I look like a before photo in a tragic plastic surgery ad. Who'd hire me for anything that involved being seen?
Ding.
A new message popped up in his inbox.
He opened it without thinking.
"Hello there, little brother. I saw your post on W*chat, looking for a job. Would you like to apply for a vacant server job at our dining establishment?"
No sketchy emojis. No suspicious photos attached. Just text. Short, polite.

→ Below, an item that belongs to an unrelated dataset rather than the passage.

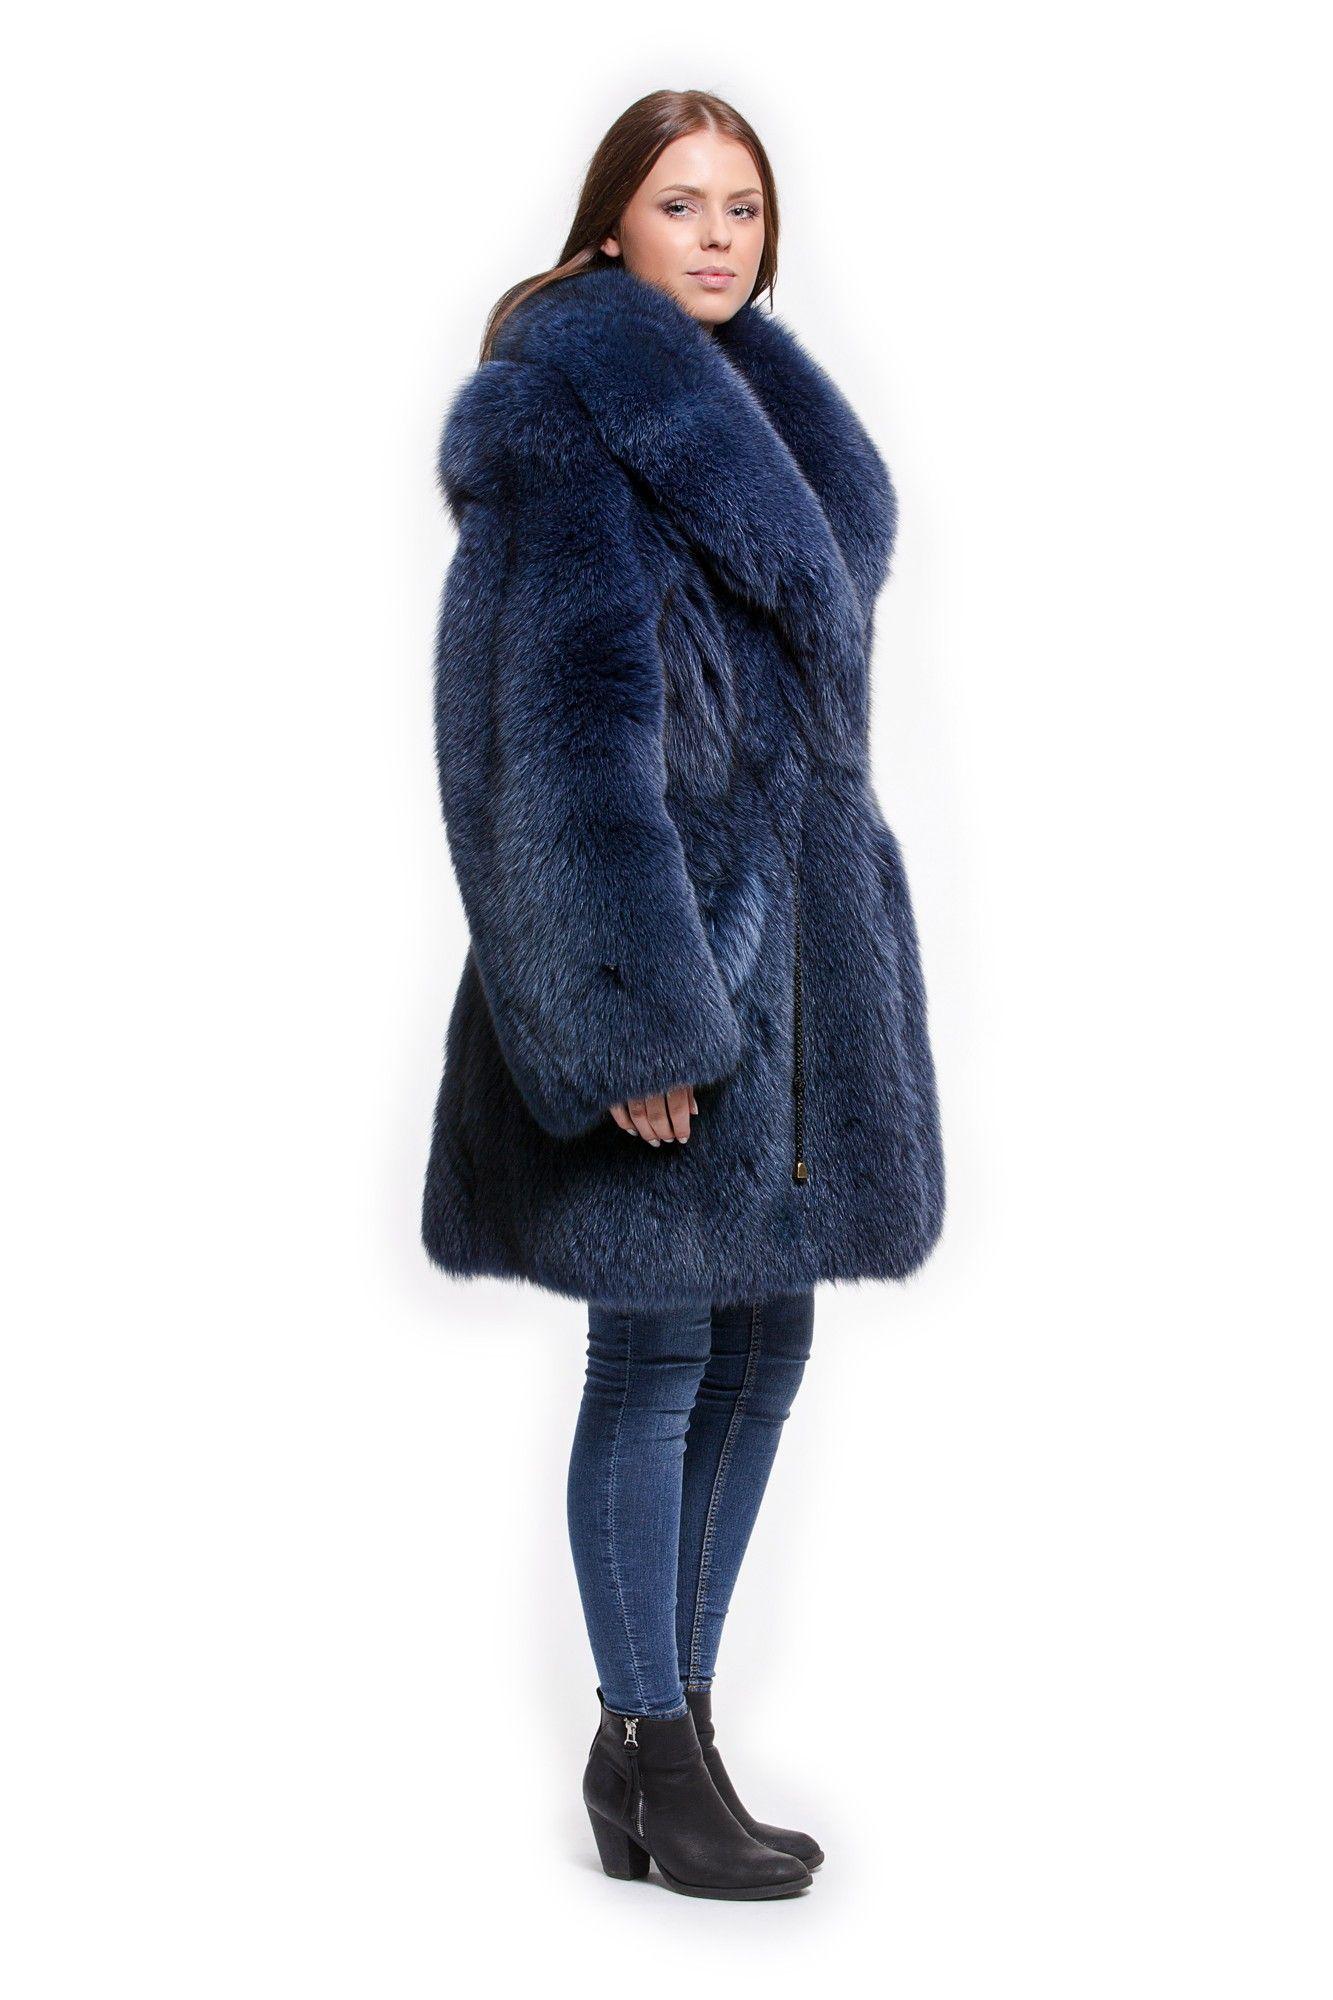 Felljacke Blaufuchs Jacke in blau schöne weiche Pelzjacke kaufen ...

Clean.
Huh…
He hovered over the reply button.
And that was when he heard it.
"Hello, Hao Hao."
He looked up.
Standing there, framed by the soft glow of midmorning light, was Li Yuan.
But not the Li Yuan he had first met—broken, bitter, dressed in grief like armor.
Today, she wore a pale, off-shoulder blouse that hugged her collarbone, paired with black slacks that cinched her waist and flared at the heels. Her long black hair had been tied loosely behind her, and her skin had a clarity now that hinted at sleep, at food, at something closer to peace.
But most striking of all were her eyes.
They no longer looked empty.
There was fire there now—small, yes, but undeniably burning.
Like a woman with a reason to wake up today.
Like a woman who'd stopped looking at the edge of the cliff and started looking toward the road instead.
Hao Hao blinked, then stood up slowly, towel still around his neck. "Sister Li?"
She smiled. Just a little.
"You're early today," she said.
He scratched the back of his neck. "You too."
They both stood there, quietly, the sea humming behind them.
And Hao Hao thought to himself—
Damn. She really is a tall beauty when she cleans up.